_Assigned task_
What is needed is a word-for-word copy of the lines below from the one with "2PACK Adjustable Camera" through the one with "797a39ae0a75 Pulsera TOUS", both included, with every picture left out.
======== Record excerpts ========
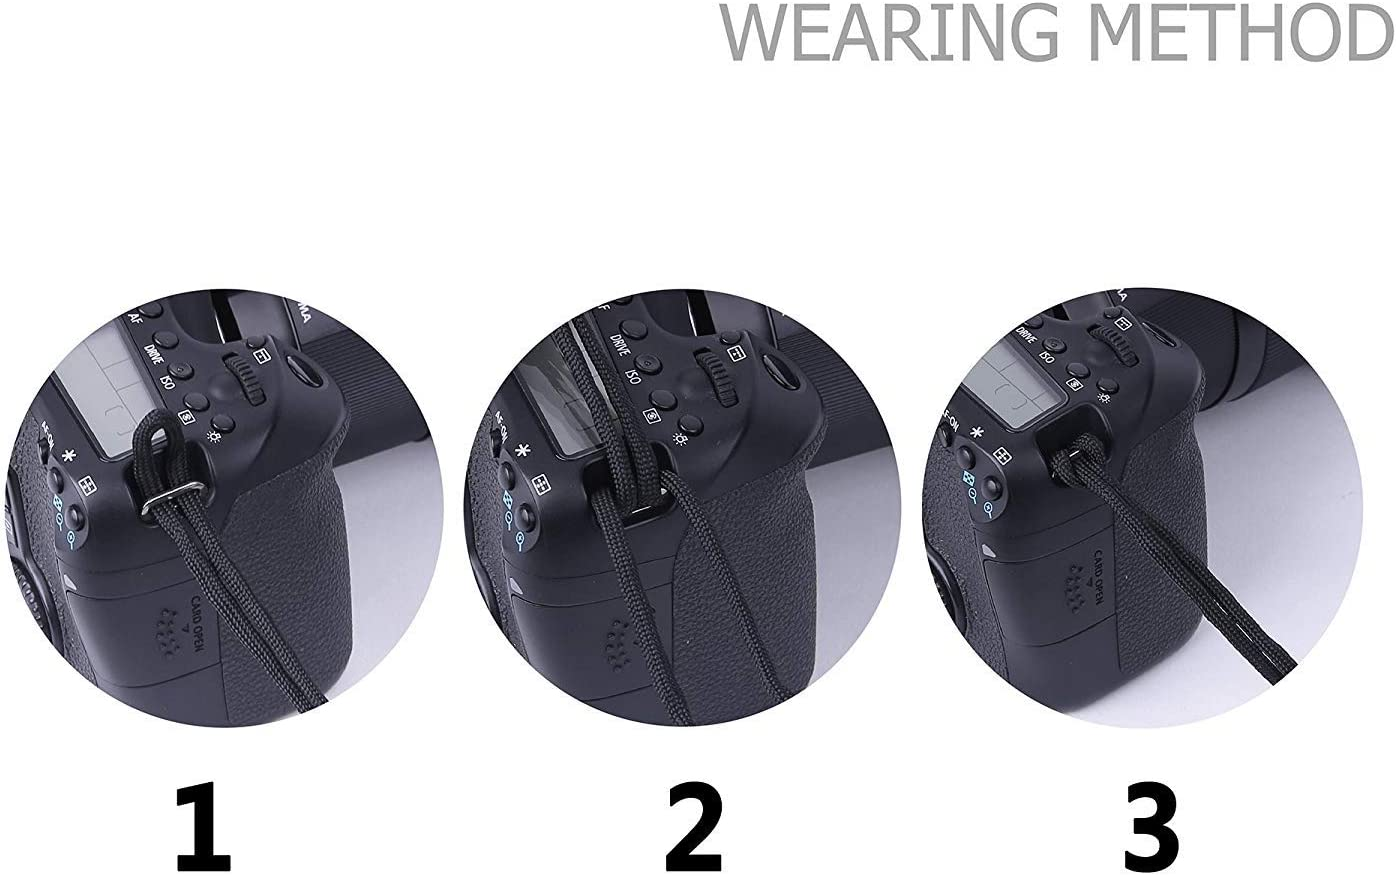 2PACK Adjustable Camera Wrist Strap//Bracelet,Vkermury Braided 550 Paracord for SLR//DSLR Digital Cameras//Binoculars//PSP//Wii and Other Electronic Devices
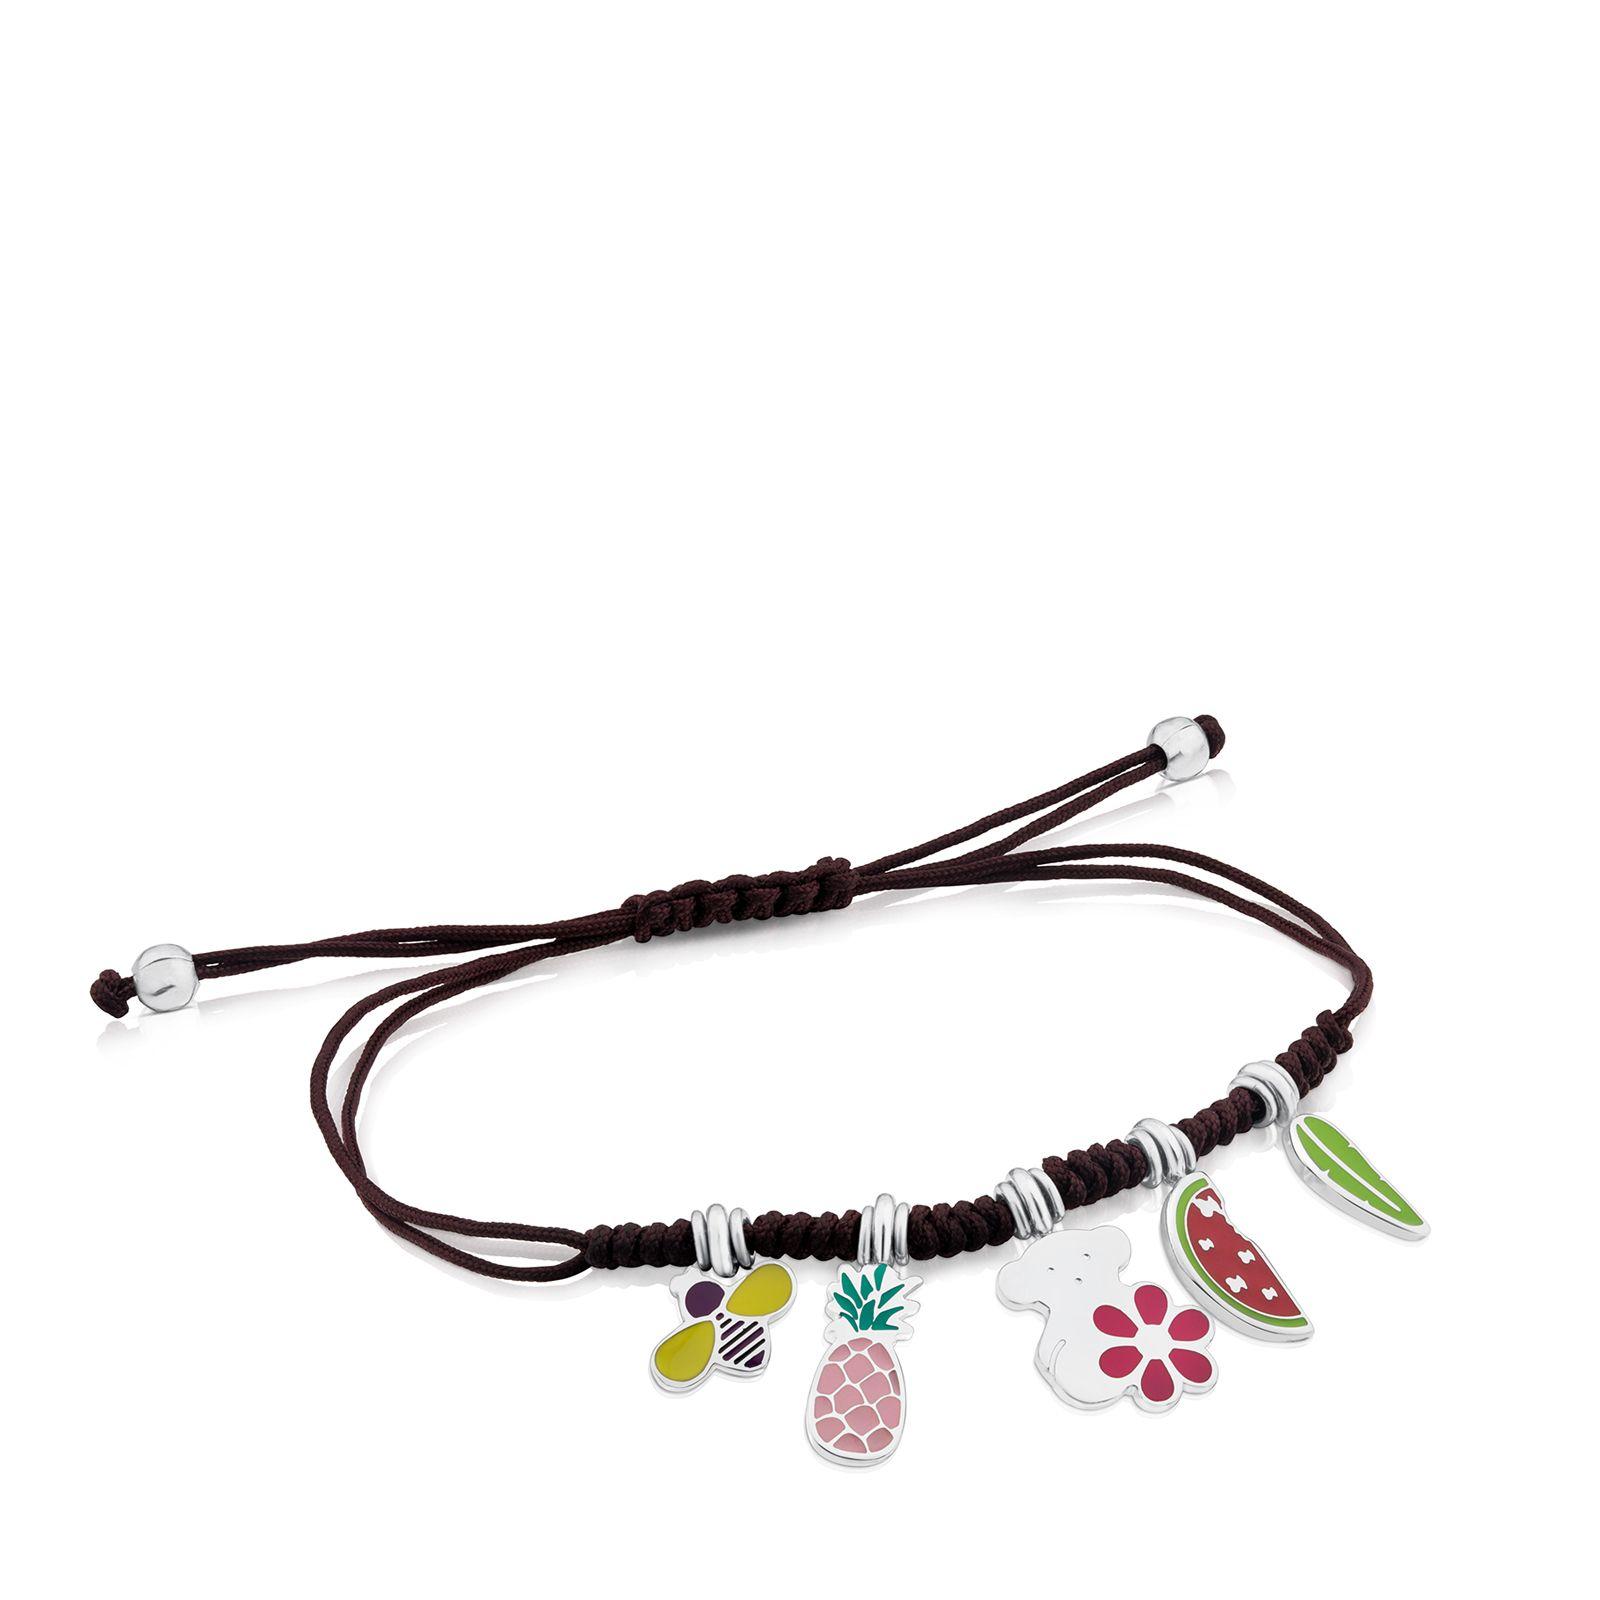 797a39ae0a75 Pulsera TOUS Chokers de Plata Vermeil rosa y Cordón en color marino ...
========
======== Record excerpts ========
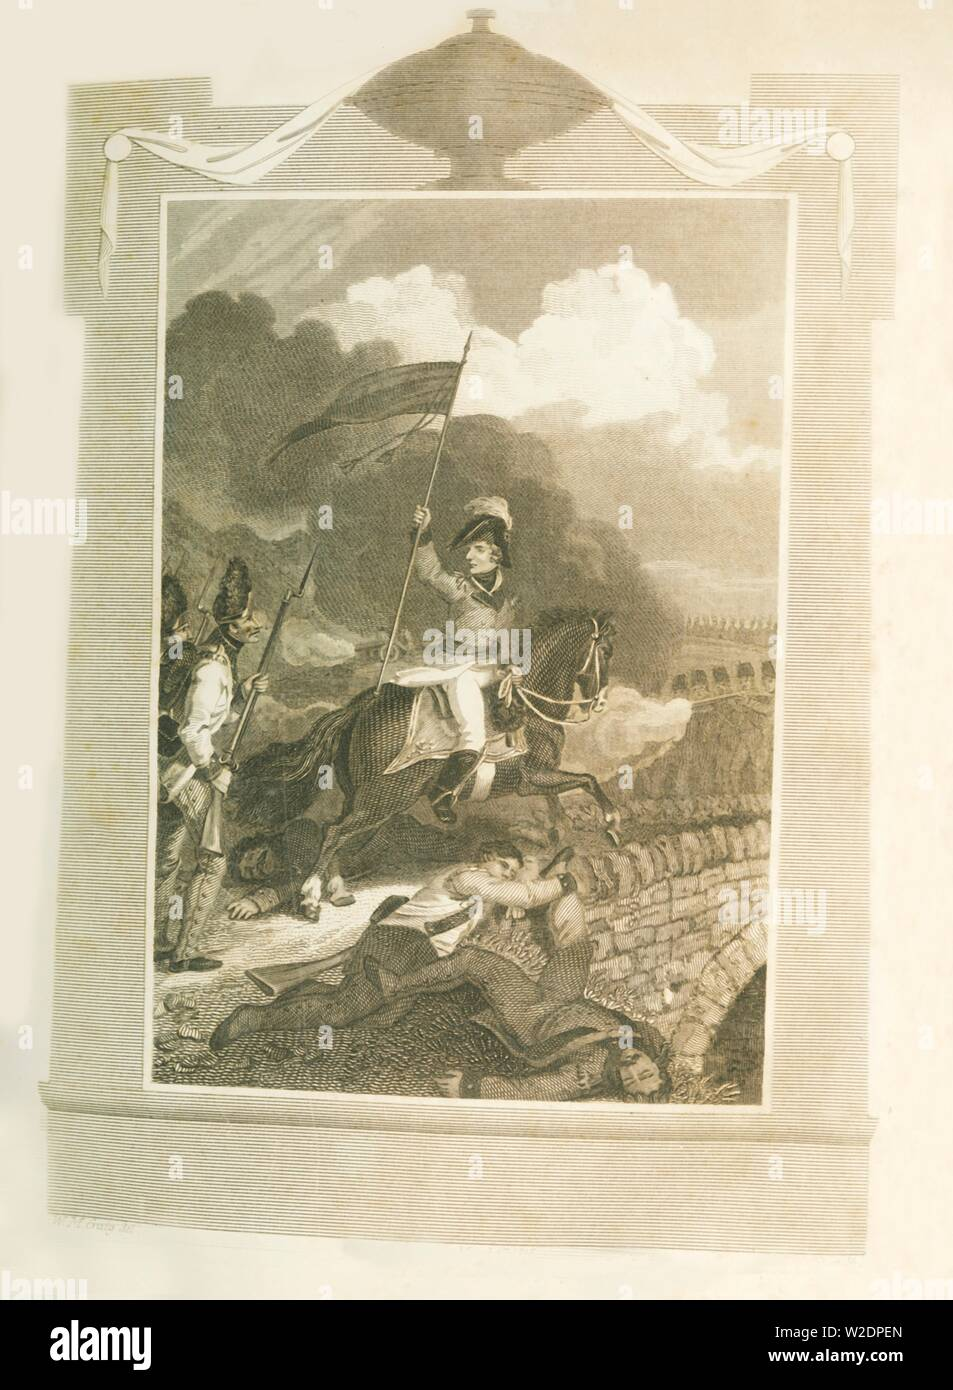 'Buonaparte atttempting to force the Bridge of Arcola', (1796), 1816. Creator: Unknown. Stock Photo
========
_Response below_
 2PACK Adjustable Camera Wrist Strap//Bracelet,Vkermury Braided 550 Paracord for SLR//DSLR Digital Cameras//Binoculars//PSP//Wii and Other Electronic Devices
 797a39ae0a75 Pulsera TOUS Chokers de Plata Vermeil rosa y Cordón en color marino ...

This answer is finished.